Firstly: Ice Cube. Not so much attitude as FATtitude. I don't recall ever seeing a more portly action hero.

Secondly: the effects. The original XXX might have used a fair amount of digital enhancement, but there were at least real stunts behind them. In this, everything seemed to be shot against a greenscreen. And if a 1996 movie (Mission: Impossible) could put a near-perfect CGI bullet train and helicopter chase - in broad daylight - on screen, why couldn't a similarly big-budget movie made almost a decade later do even a tenth as good a job with a similar scene at night? It honestly looked like something from a video game, nearly as bad as the climax of Torque.

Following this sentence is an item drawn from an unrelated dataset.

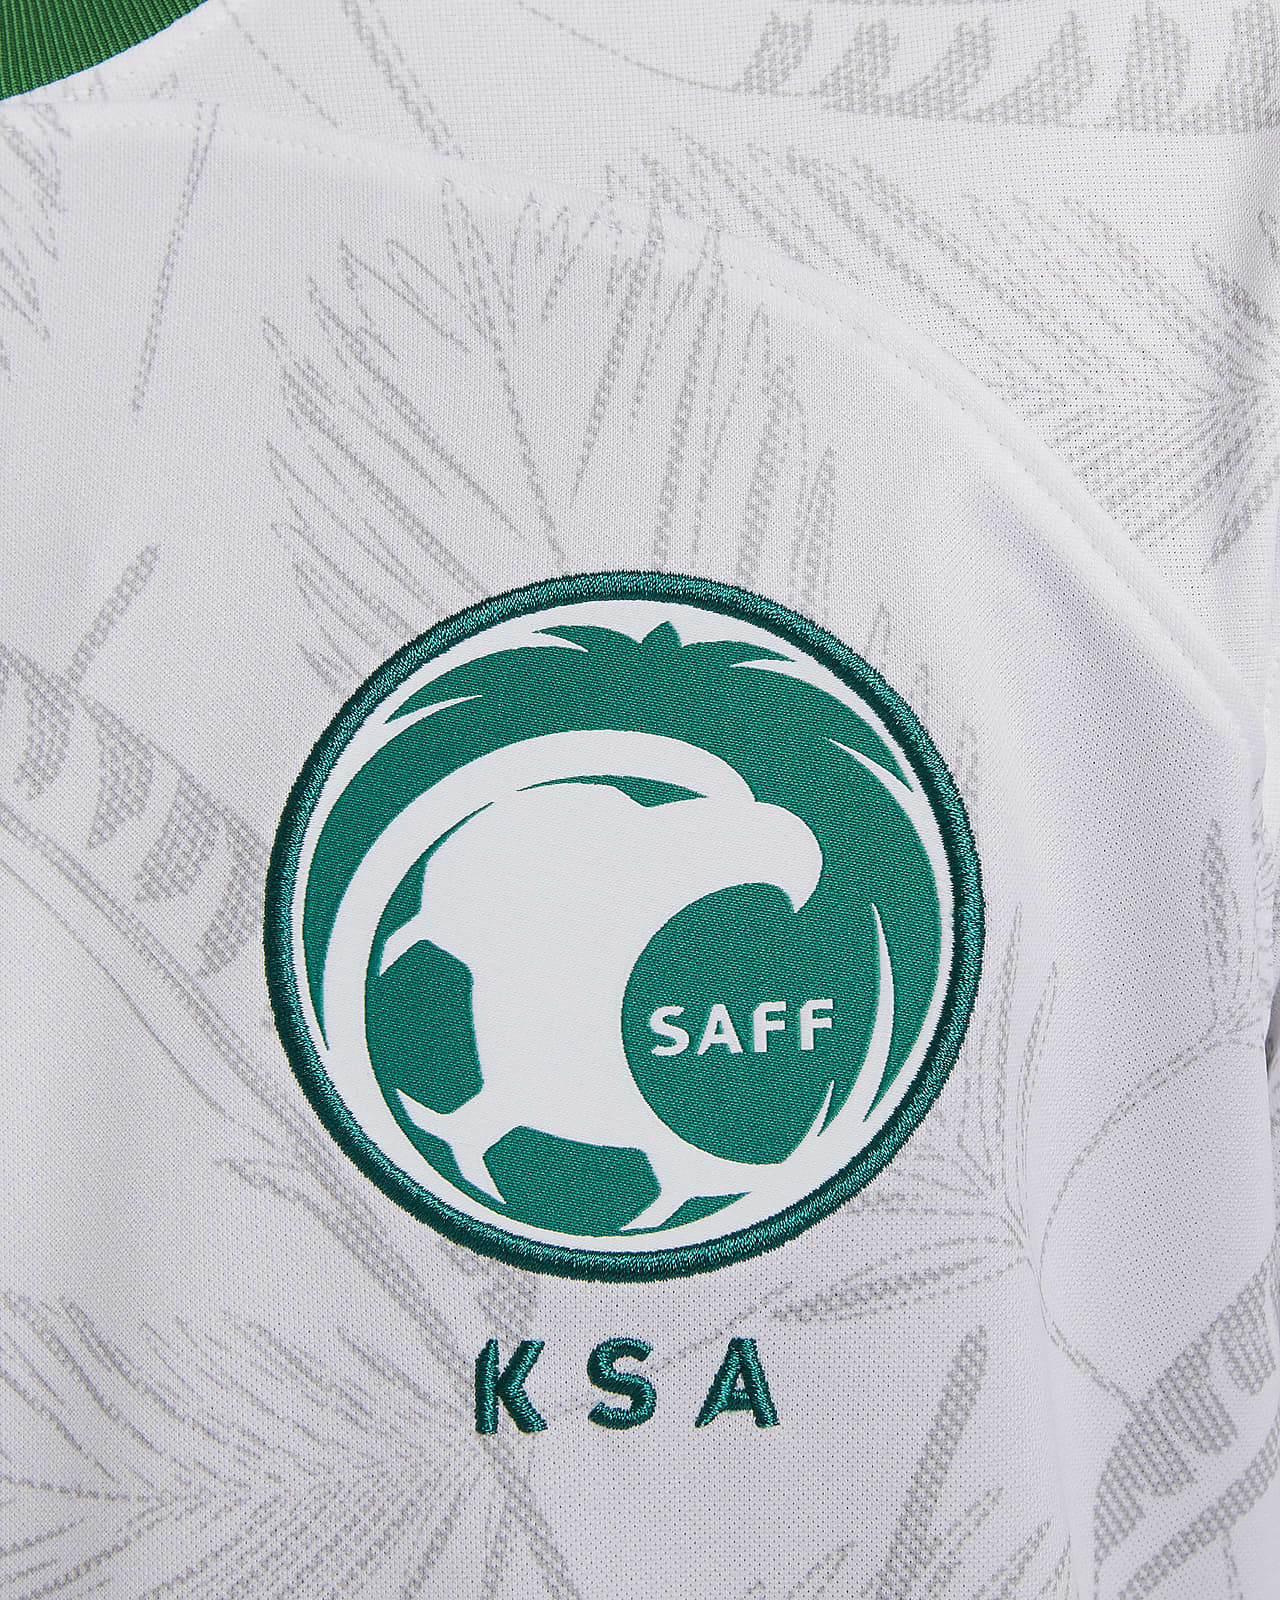 The best Saudi league jerseys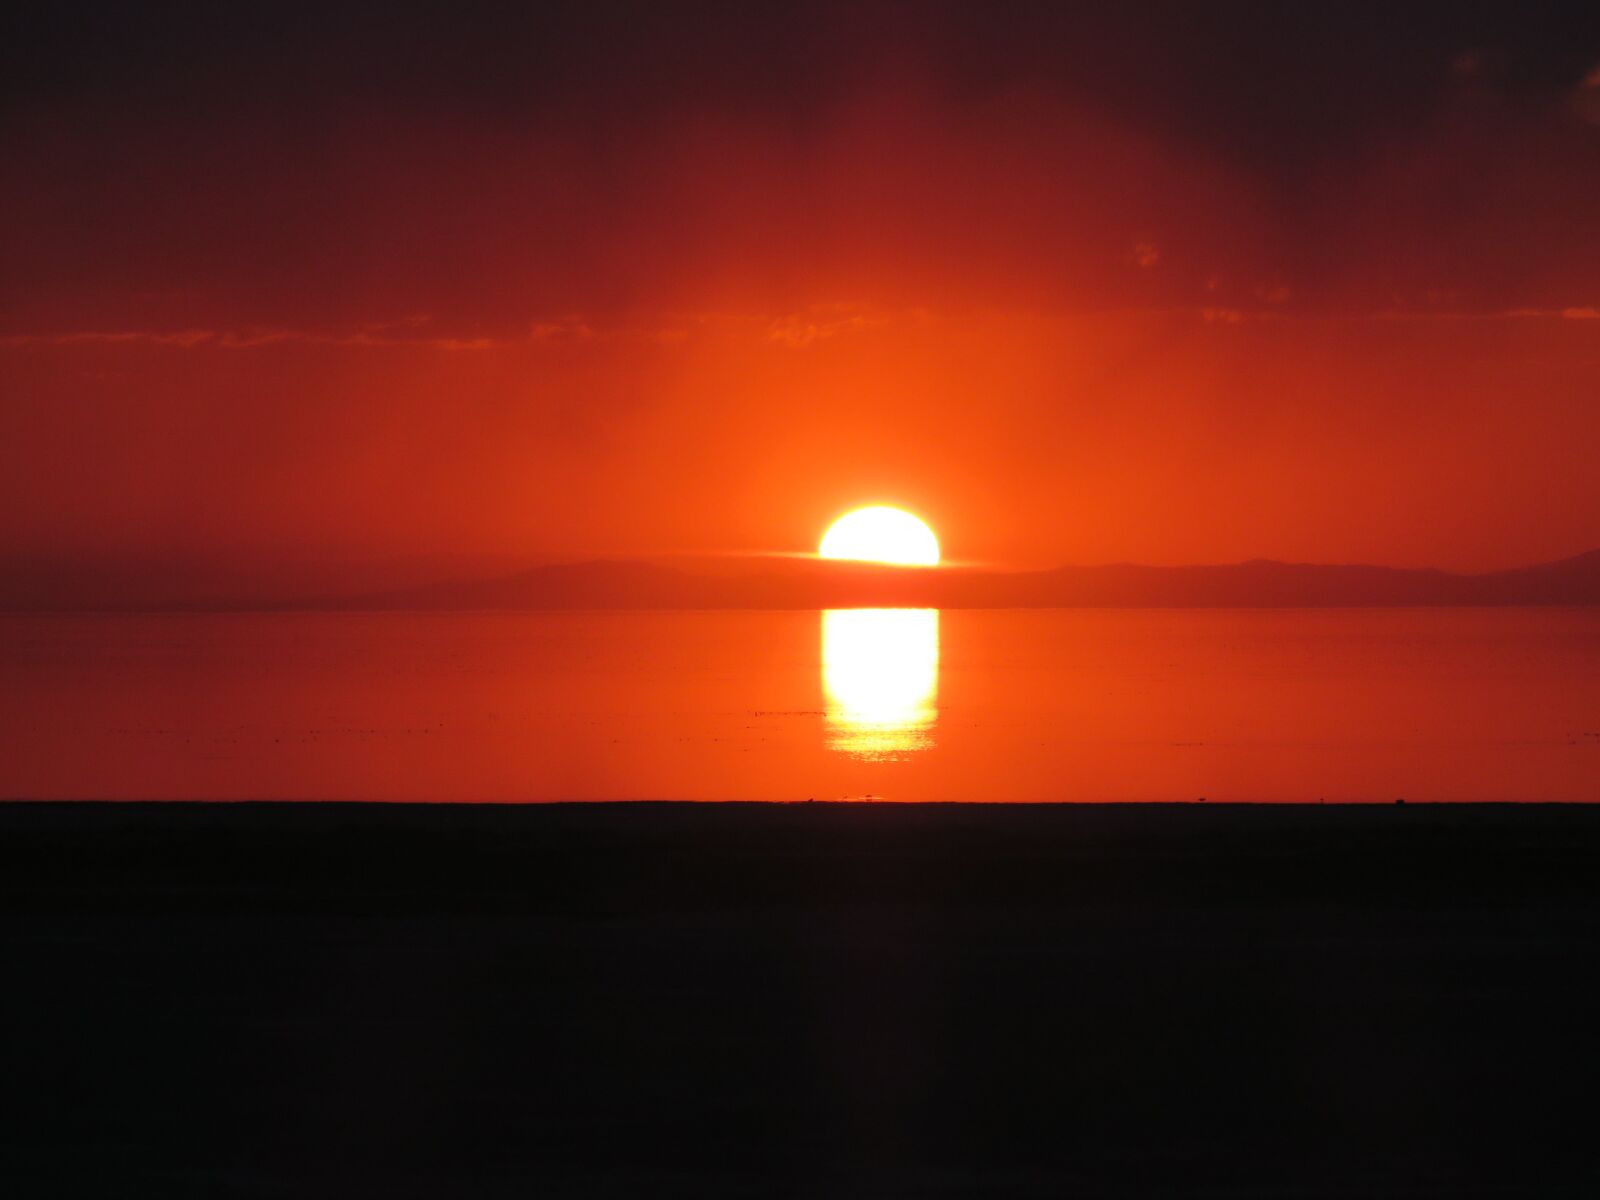 Canon PowerShot SX700 HS sample photo. Sunrise, lake, nature photography

Thirdly: the story. It was so ridiculously implausible that it felt completely detached from anything resembling the real world, to the point where if dragons and zombies had appeared I wouldn't have been all that surprised.

Director Lee Tamahori proved with Die Another Day that he's mediocre at best when it comes to directing action, and XXX 2 somehow manages to be even duller. All the big scenes provoked nothing more than a 'meh' from me; there was less excitement in the entire film than in a single minute of any action sequence by Spielberg or Cameron.

The only reason I rated this movie higher than a 1 was for its sheer unintentional hilarity as I wondered if things could possibly get any more inane or fake-looking... and they always could.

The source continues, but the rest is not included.